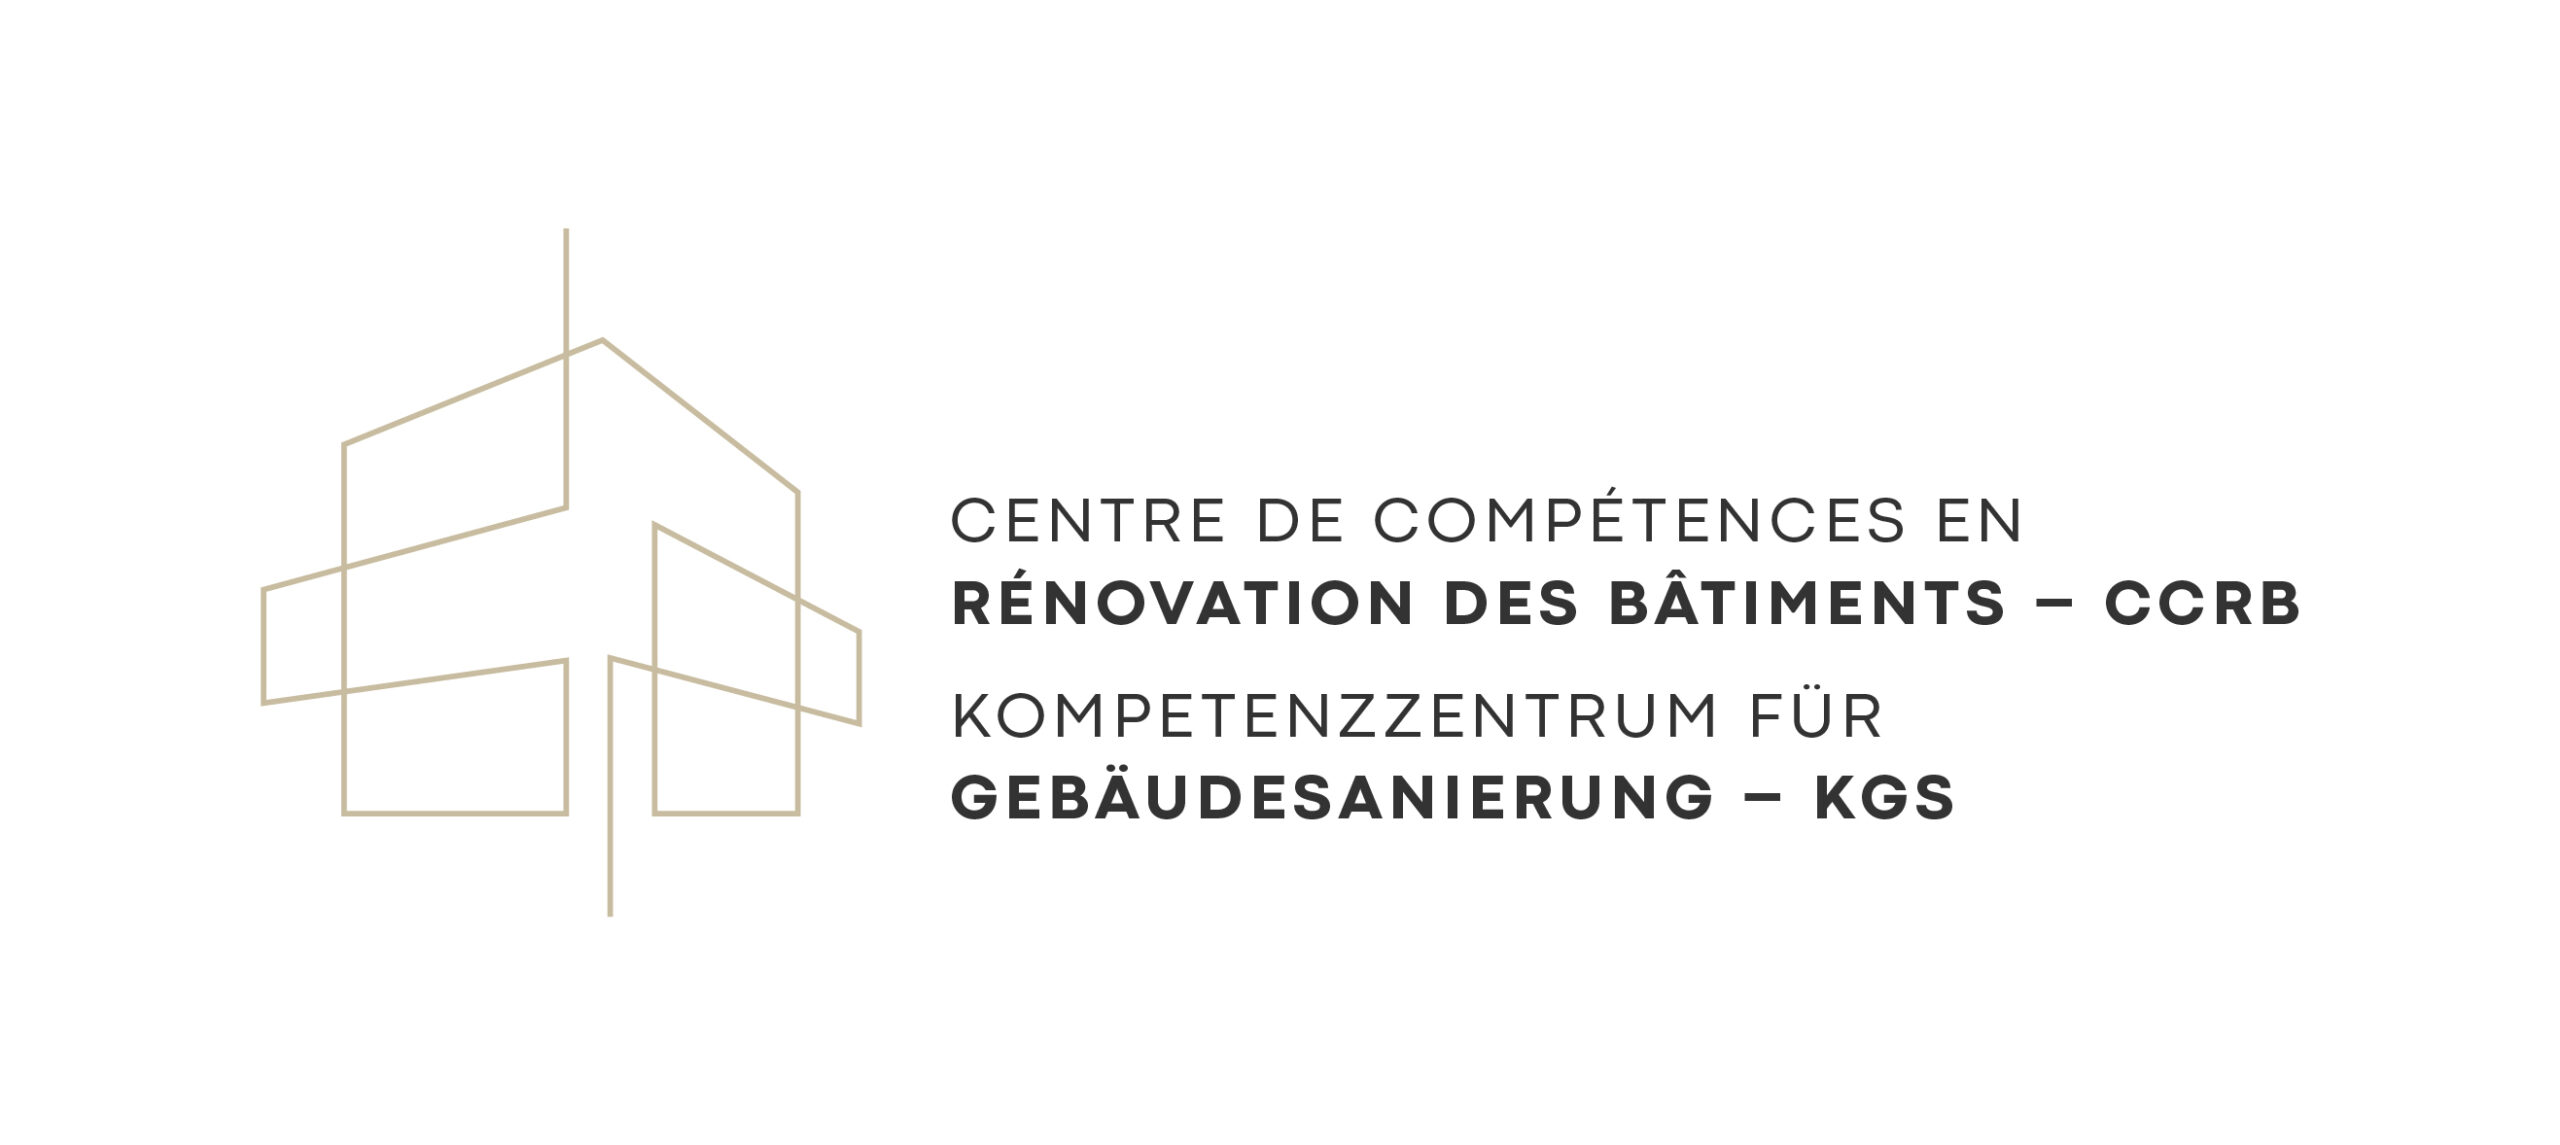 Centre de Compétences en Rénovation des Bâtiments CCRB
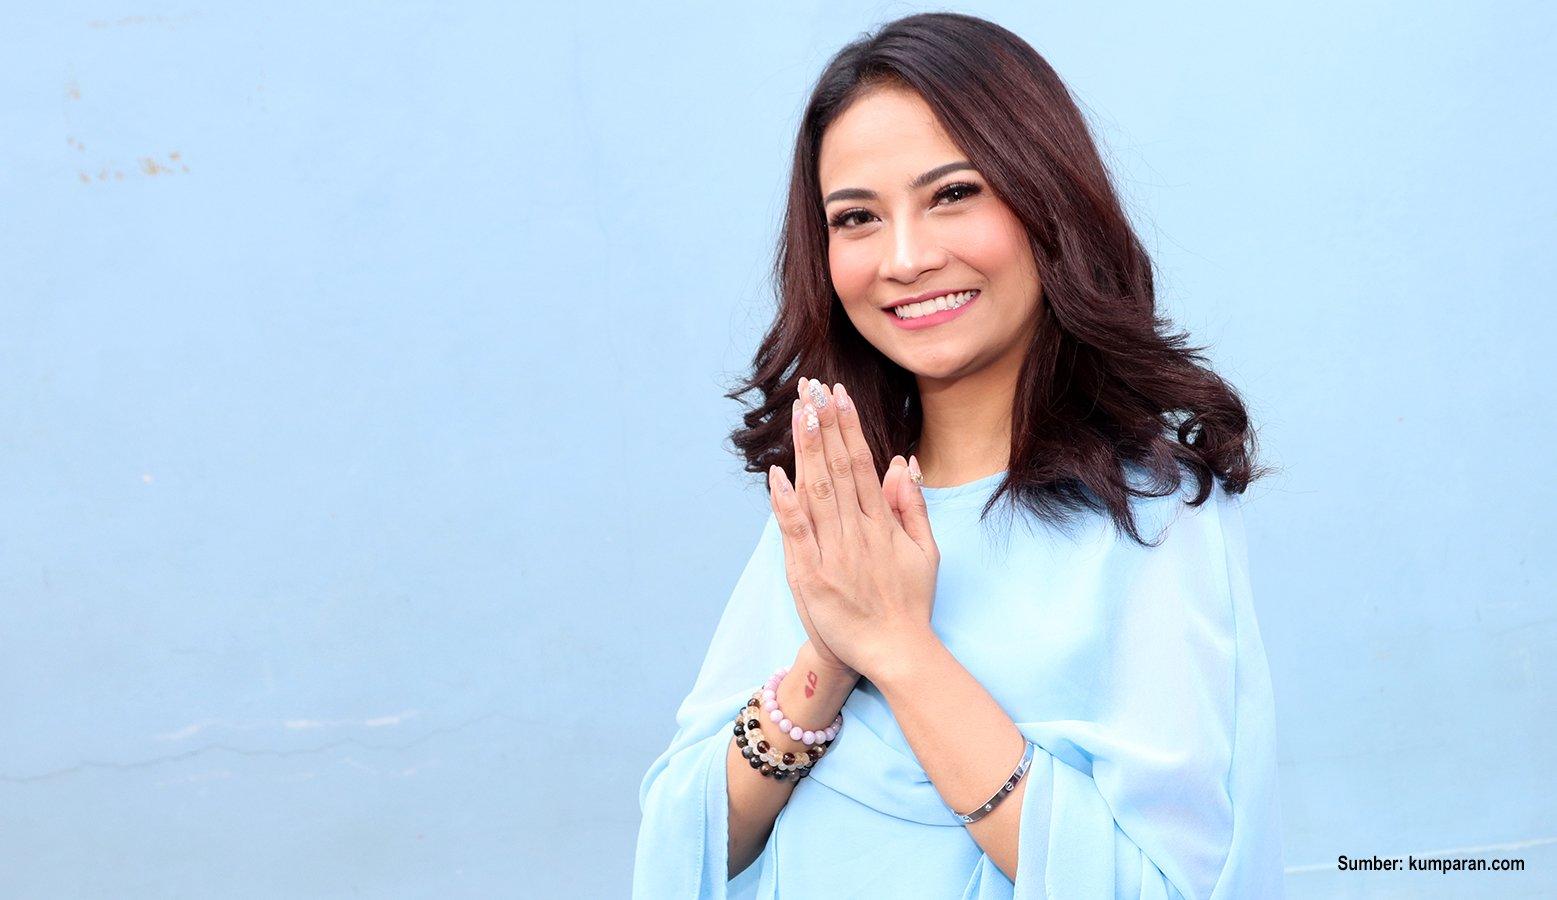 7 Artis Cantik Indonesia Yang Pernah Ditawar Hingga 1 Miliar Untuk Main
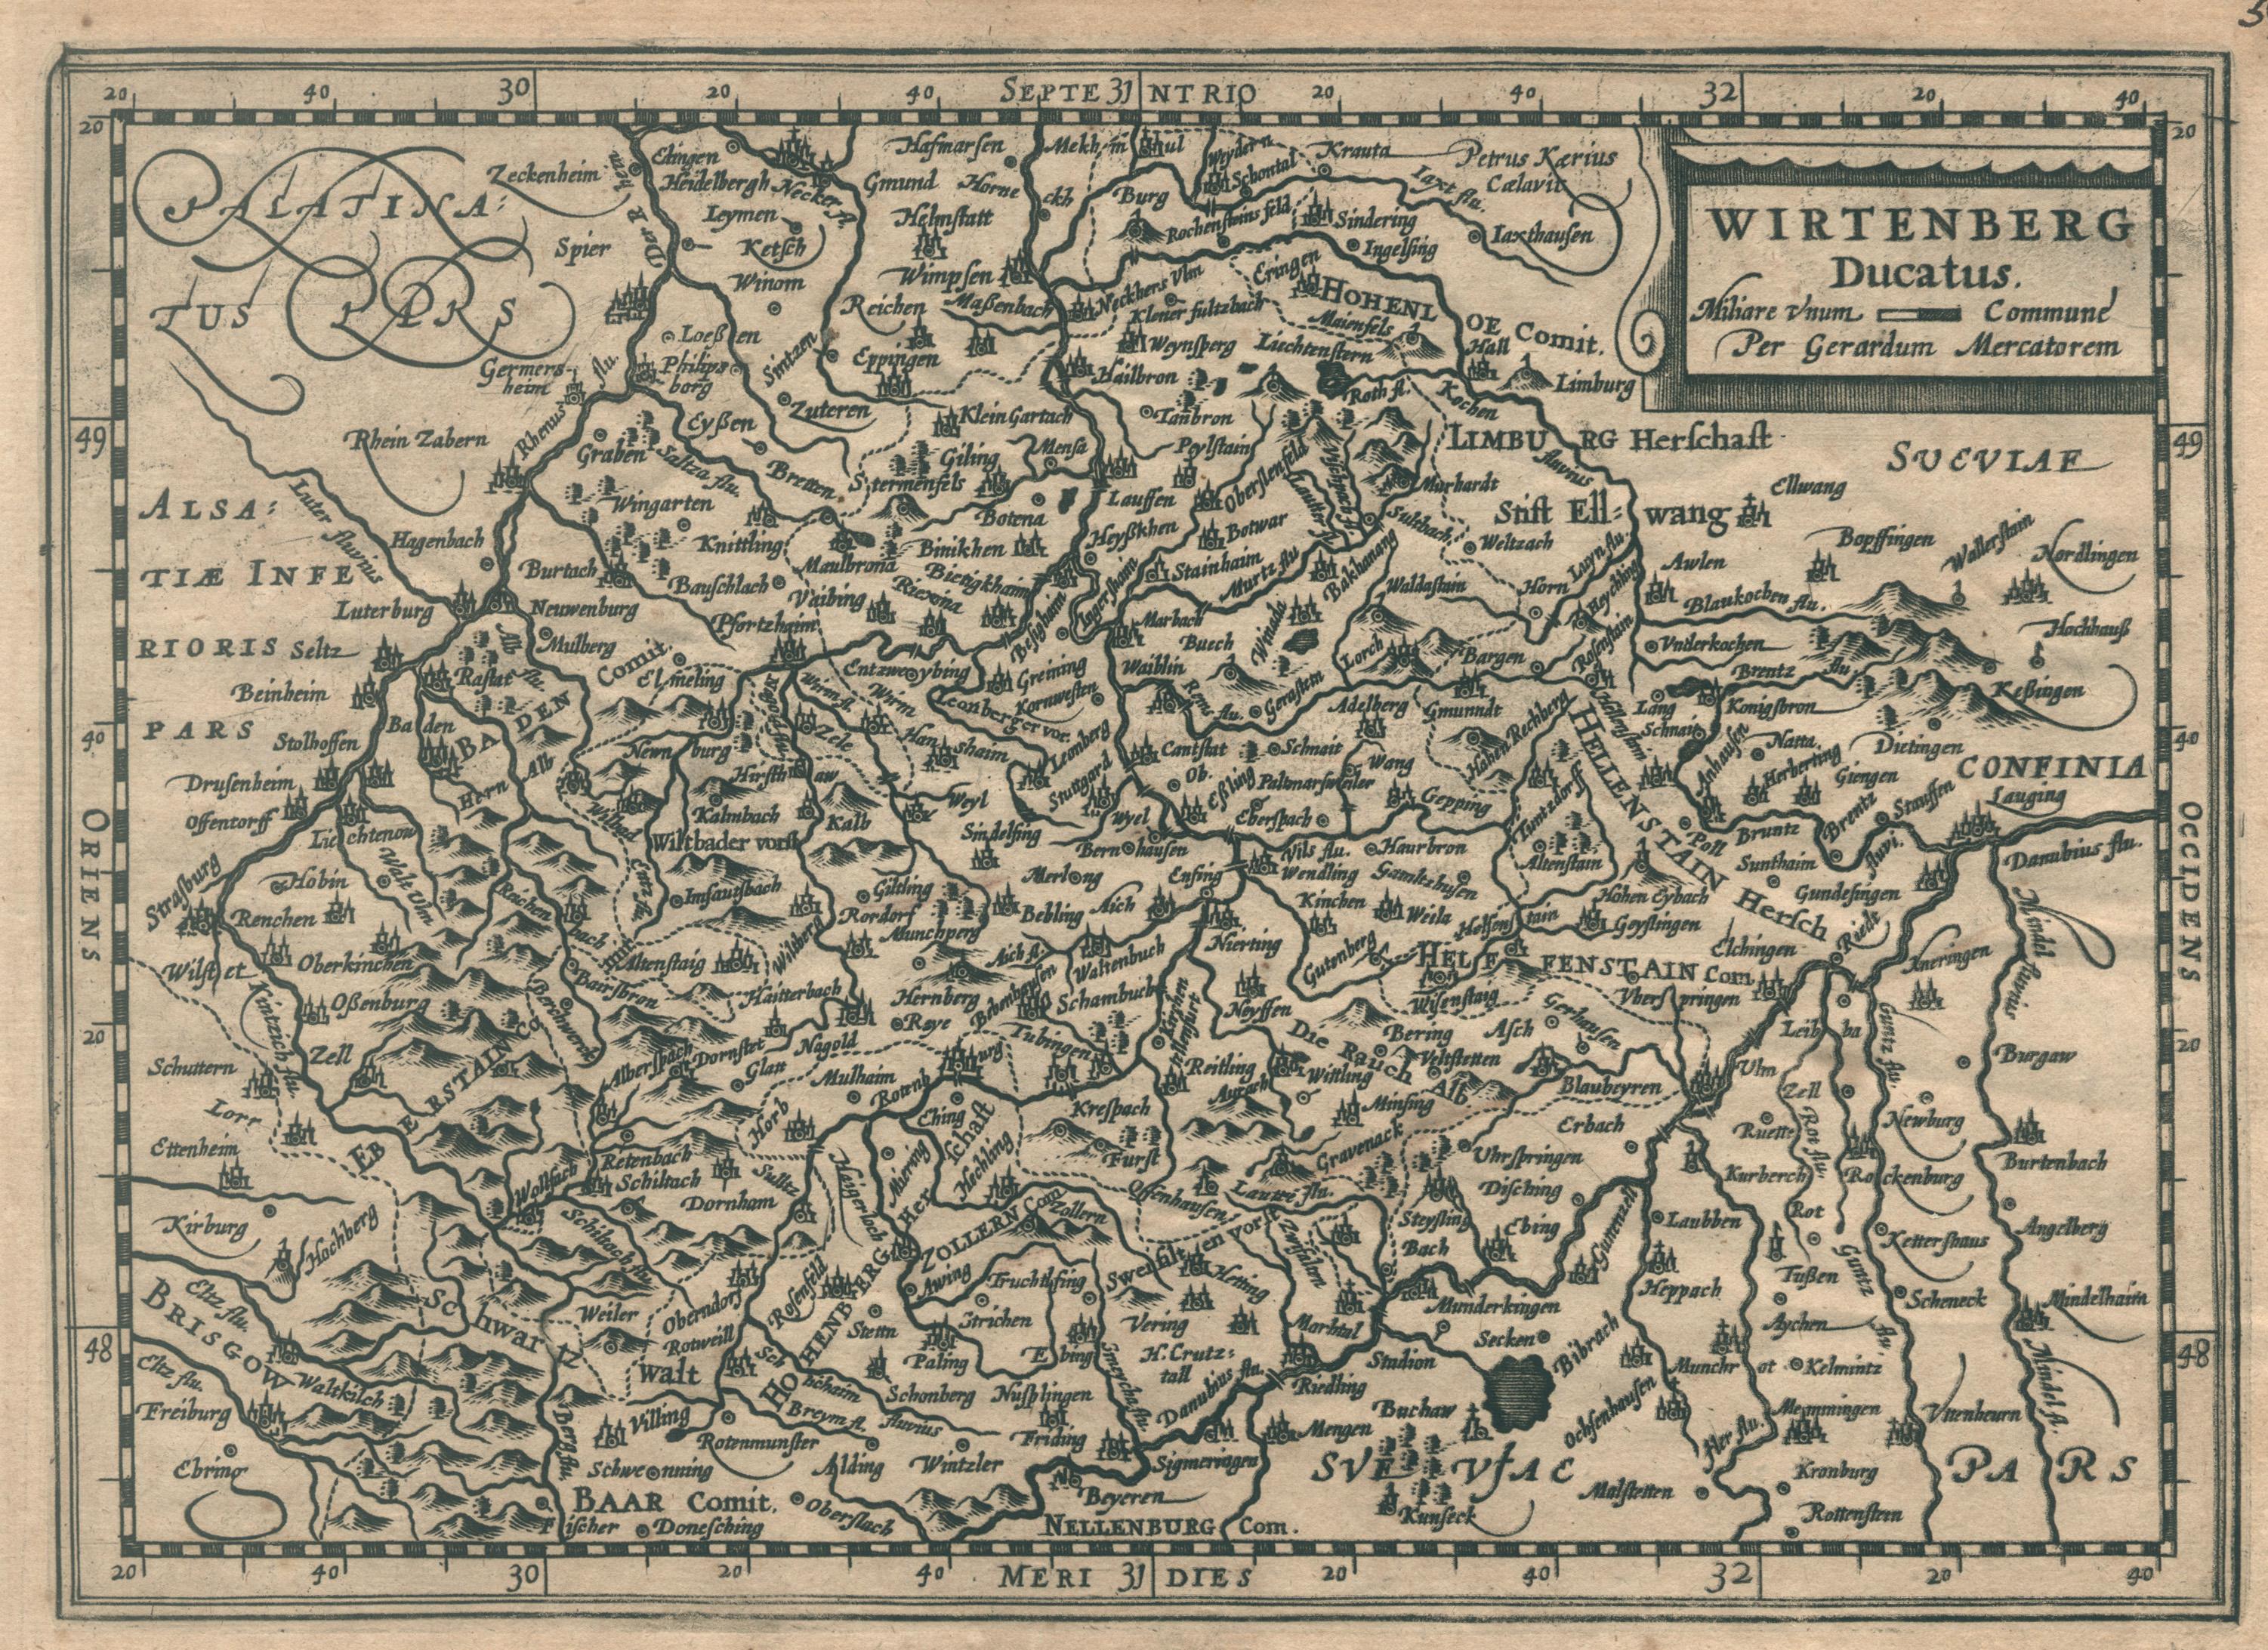 Kst.- Karte, n. G. Mercator b. Janssonius: Württemberg ( Herzogtum

WHAT YOU ARE ASKED TO DO:
Print only the lines from the line that contains "7 Artis Cantik" to the final line of the data, inclusive. Pictures stay out.

TASK SOLUTION:
 7 Artis Cantik Indonesia Yang Pernah Ditawar Hingga 1 Miliar Untuk Main
 Kst.- Karte, n. G. Mercator b. Janssonius: Württemberg ( Herzogtum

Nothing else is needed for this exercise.